Die Binge-Eating-Störung ist die häufigste Essstörung in Deutschland. Menschen, die daran leiden, verlieren oft die Kontrolle beim Essen und nehmen große Nahrungsmengen zu sich. Anja Hilbert, Professorin für Verhaltensmedizin an der Universität Leipzig, untersucht, wie man die Erkrankung heilen kann. In einer aktuellen Pilotstudie hat sie mit ihrem Forschungsteam einen positiven Effekt von nahrungsbezogenem Neurofeedback festgestellt. Die Ergebnisse sind aktuell in der Fachzeitschrift Psychological Medicine veröffentlicht worden.

Bei der Binge-Eating-Störung verlieren Menschen die Kontrolle darüber, was und wie viel sie essen. Starkes Übergewicht ist oft die Folge dieser psychischen Erkrankung. „Der Kontrollverlust führt zu psychischem Leid.
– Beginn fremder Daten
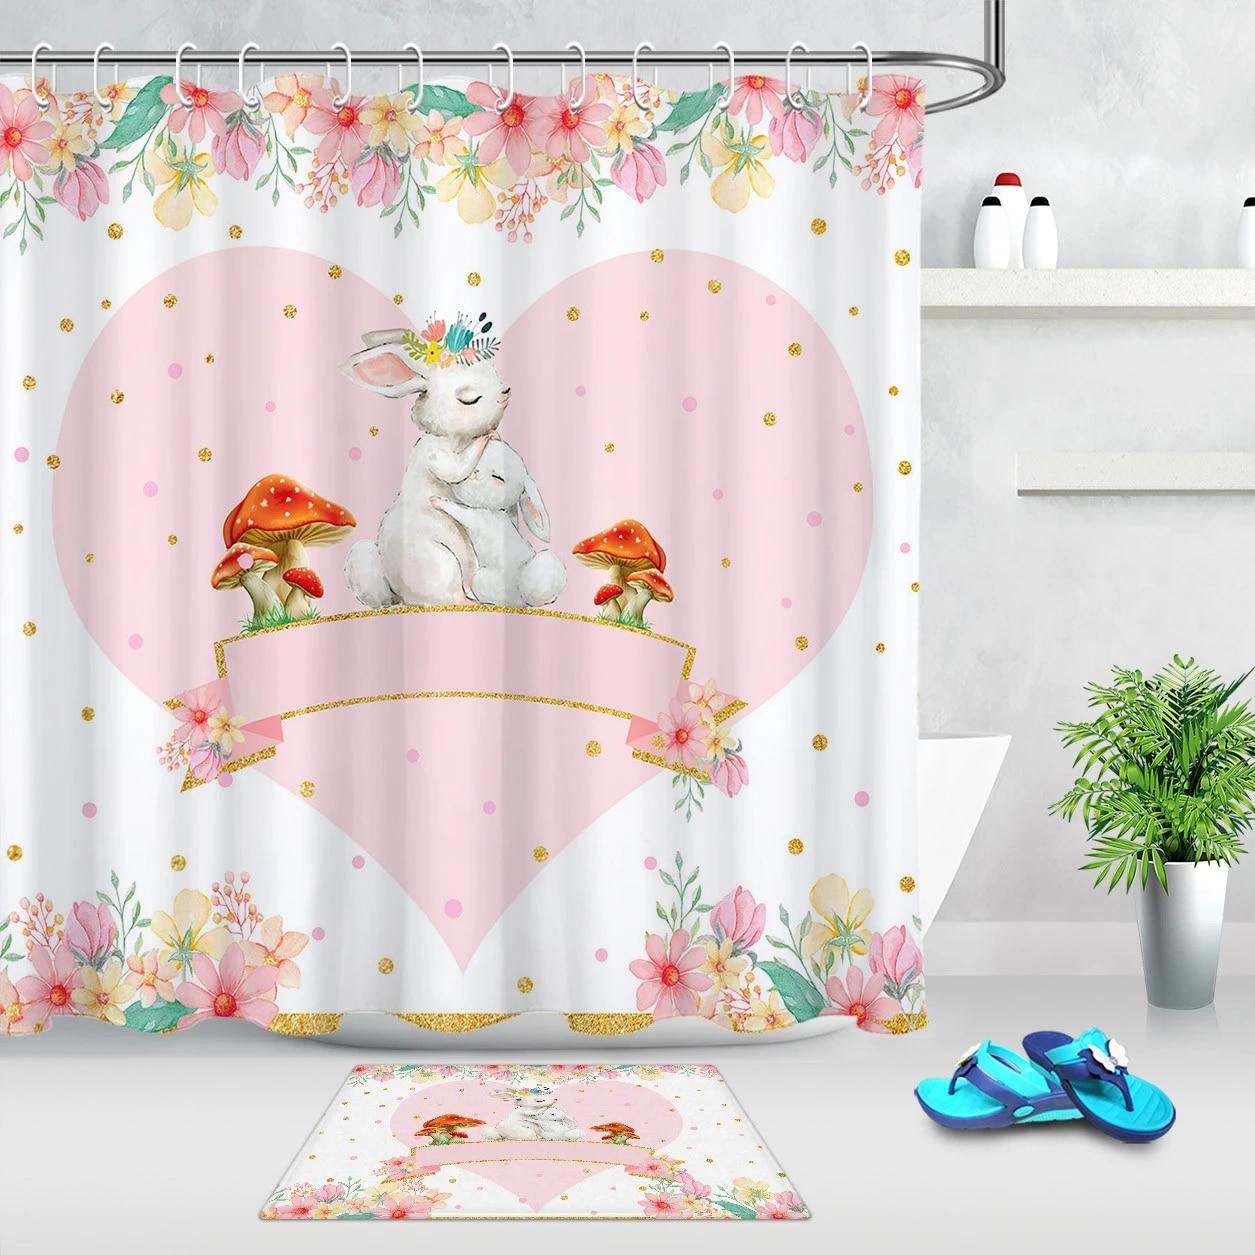 cartoon animals rabbit shower curtain pink love flower mushroom waterproof fabric bathroom bath curtains mother s day gift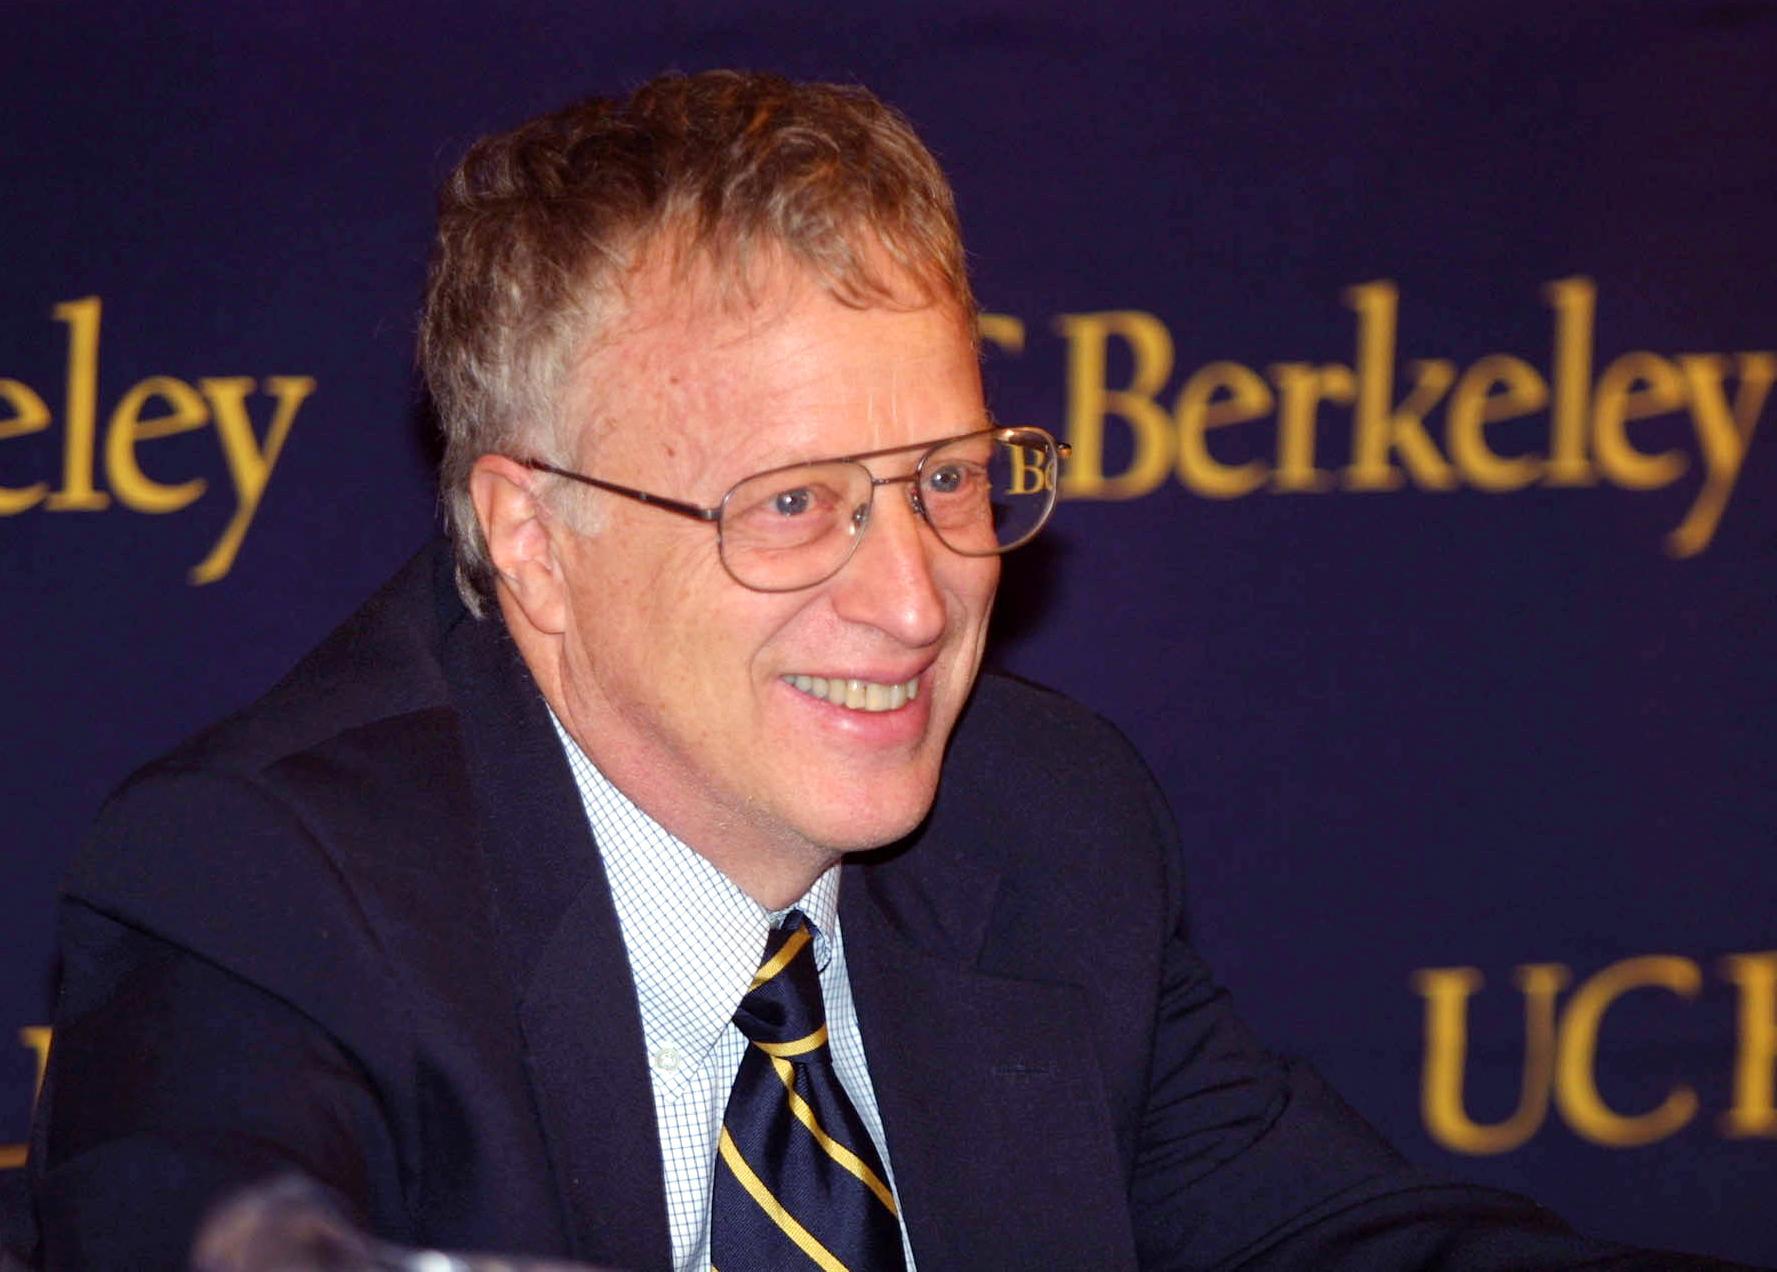 George Akerloff

Den Betroffenen fällt es schwerer als anderen, ihre Essimpulse zu kontrollieren. Die Selbstregulation ist beeinträchtigt“, erklärt Anja Hilbert, Professorin für Verhaltensmedizin an der Universität Leipzig. Die Standardbehandlung für eine Binge-Eating-Störung ist Psychotherapie. Die Psychologin Hilbert untersucht, ob man diese Essstörung auch auf anderem Wege heilen kann.

Bei der Binge-Eating-Störung verfolgt das Forschungsteam der Universitätsmedizin Leipzig Neurofeedback als Therapieansatz. Dabei messen bildgebende Verfahren, beispielsweise die funktionelle Nahinfrarotspektroskopie (fNIRS) oder die Elektroenzephalographie (EEG), die Hirnaktivität und machen sie auf einem Monitor für die Patient:innen sichtbar. Diese versuchen dann, anhand dieses Feedbacks ihre Hirnaktivität in gewünschter Weise zu beeinflussen – in Echtzeit. Funktionelle Nahinfrarotspektroskopie (fNIRS) ist ein nicht invasives bildgebendes Verfahren, das erfasst, wenn Änderungen in der Hirnaktivität zu Veränderungen der optischen Eigenschaften von Hirngewebe führen.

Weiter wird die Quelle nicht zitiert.